SOURCE MATERIAL.
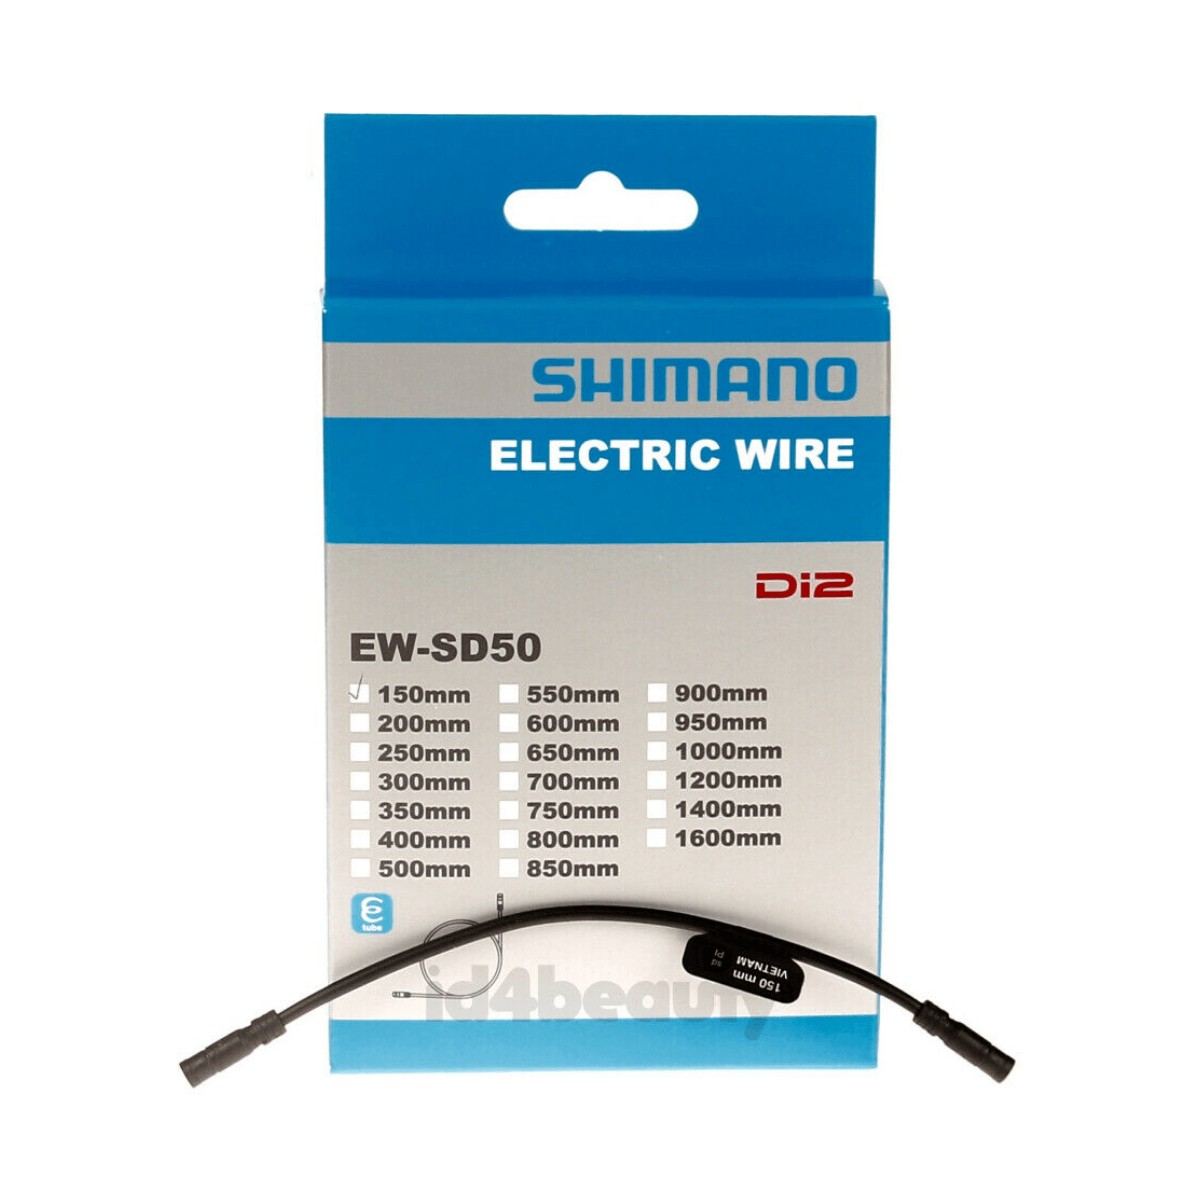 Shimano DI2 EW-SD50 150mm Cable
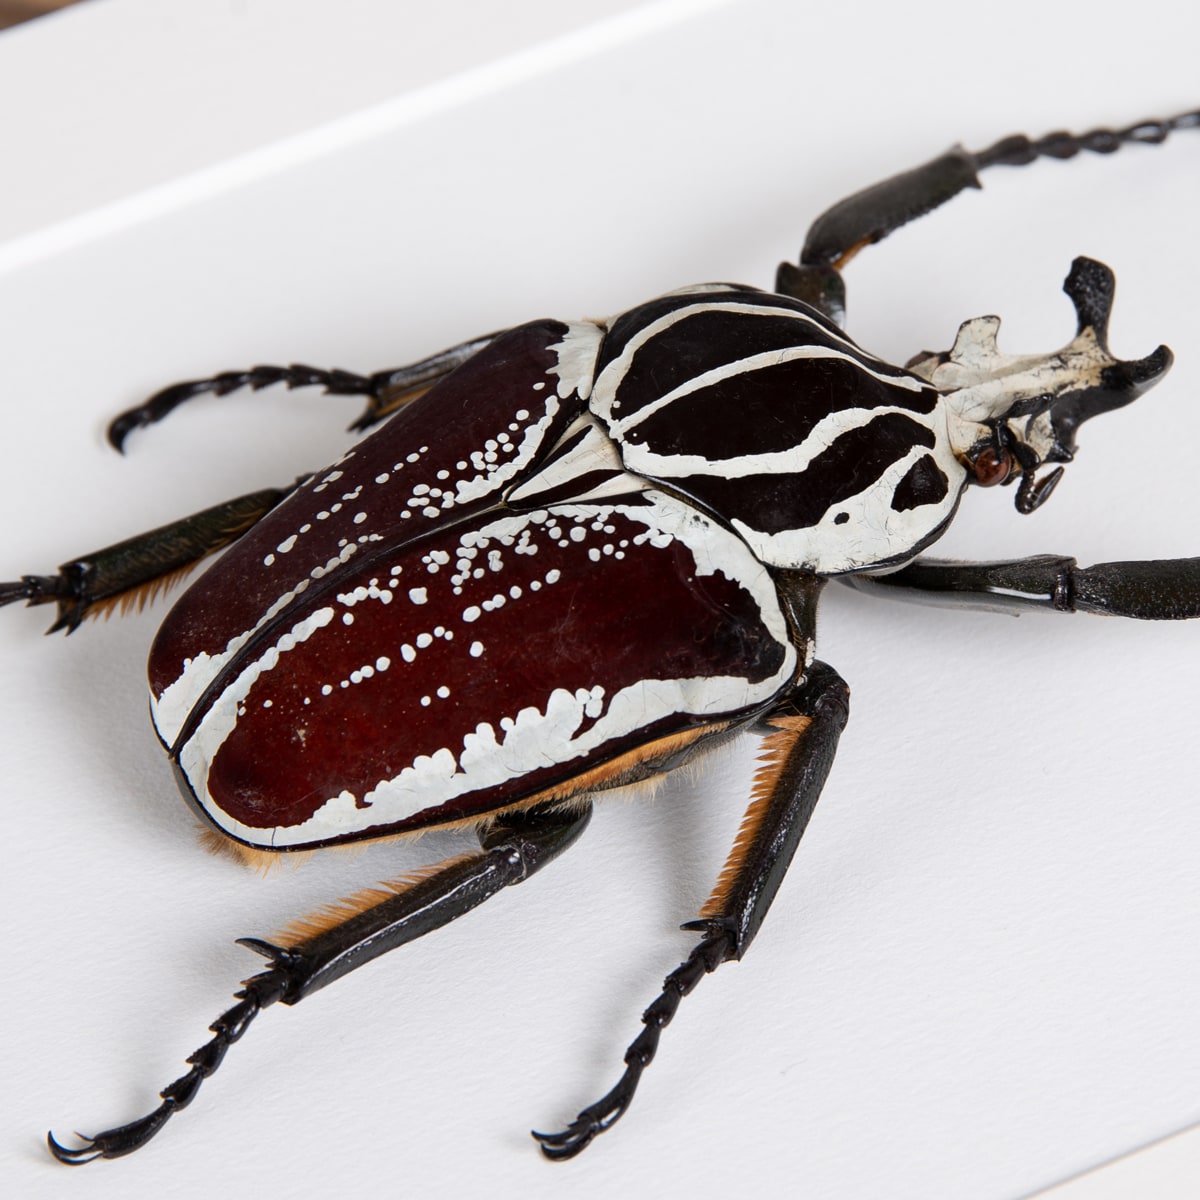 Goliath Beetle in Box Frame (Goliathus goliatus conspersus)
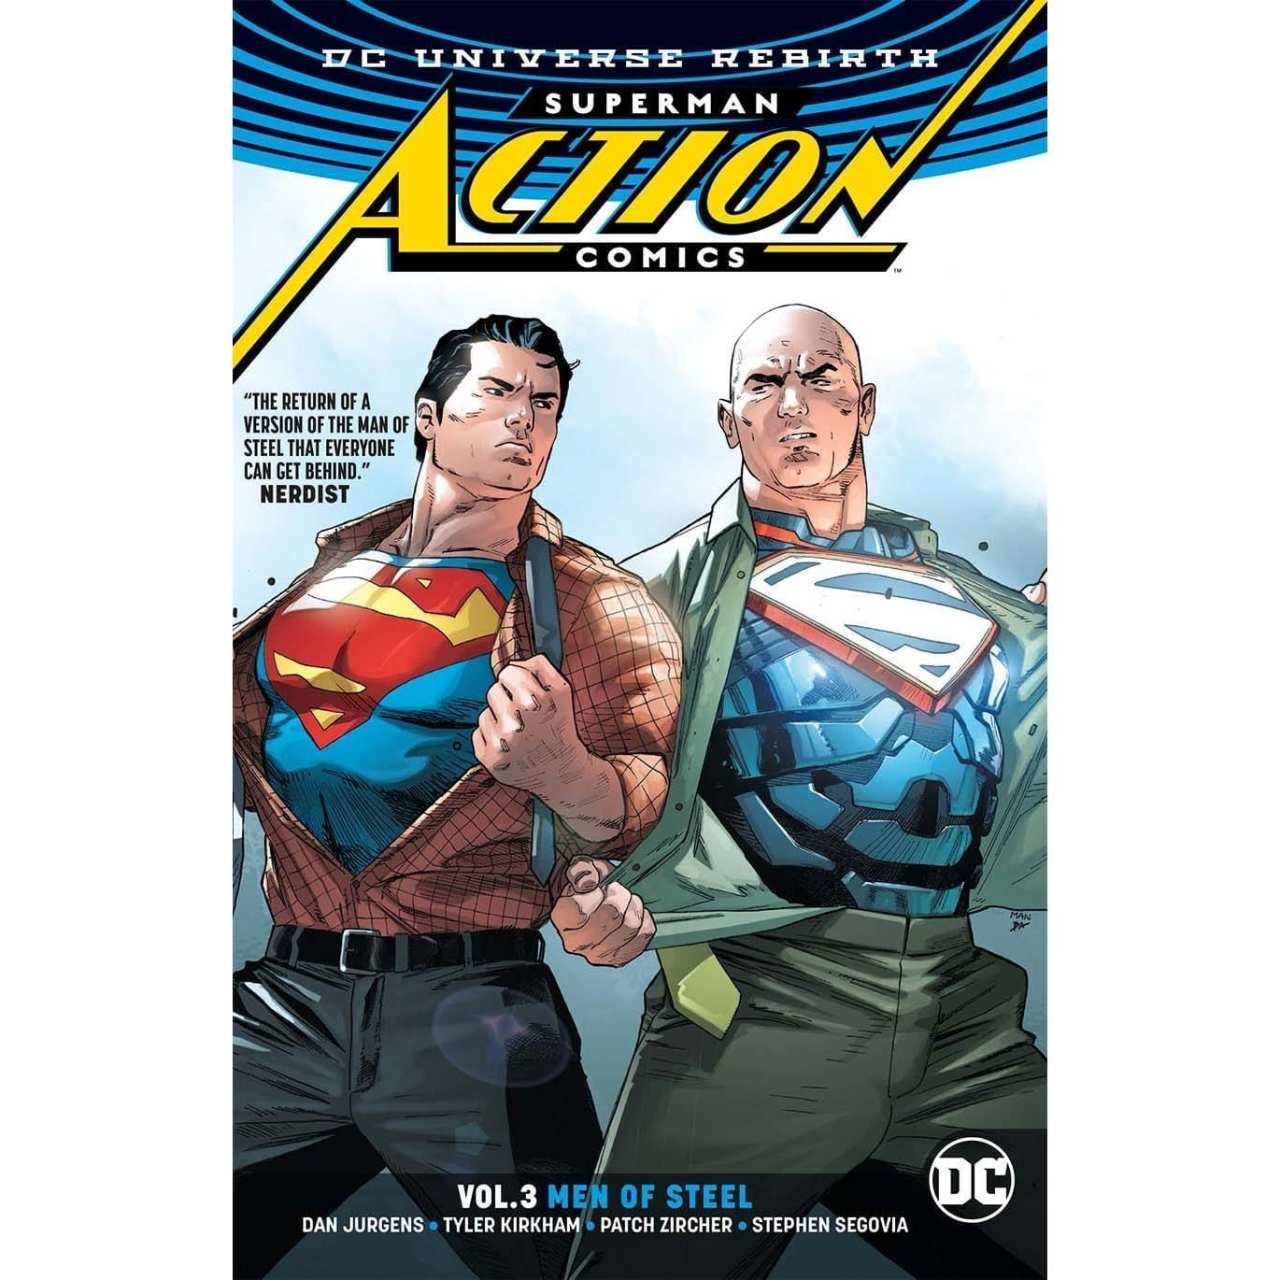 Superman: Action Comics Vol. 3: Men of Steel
...
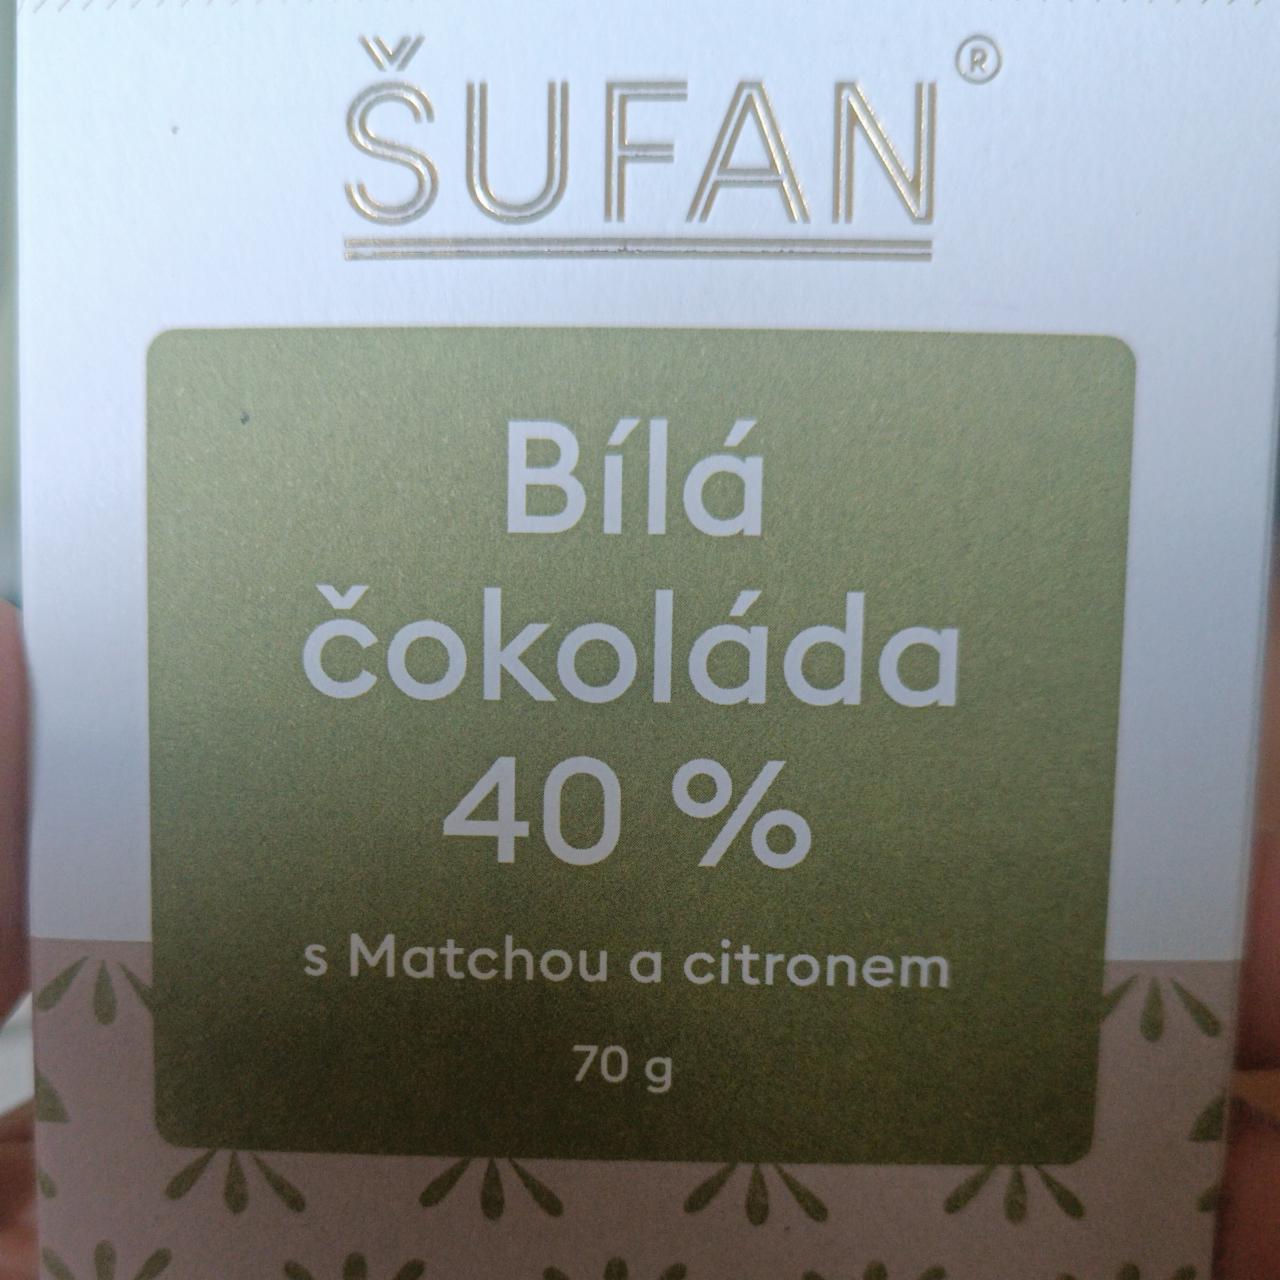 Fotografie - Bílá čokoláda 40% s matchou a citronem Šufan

INSTRUCTIONS FOR THE TASK. Output exactly the lines above that lie between the line with "Shimano DI2 EW-SD50 150mm Cable" and the line with "Superman: Action Comics Vol. 3: Men of Steel", those two lines included, and no pictures.

REPLY.
 Shimano DI2 EW-SD50 150mm Cable
 Goliath Beetle in Box Frame (Goliathus goliatus conspersus)
 Superman: Action Comics Vol. 3: Men of Steel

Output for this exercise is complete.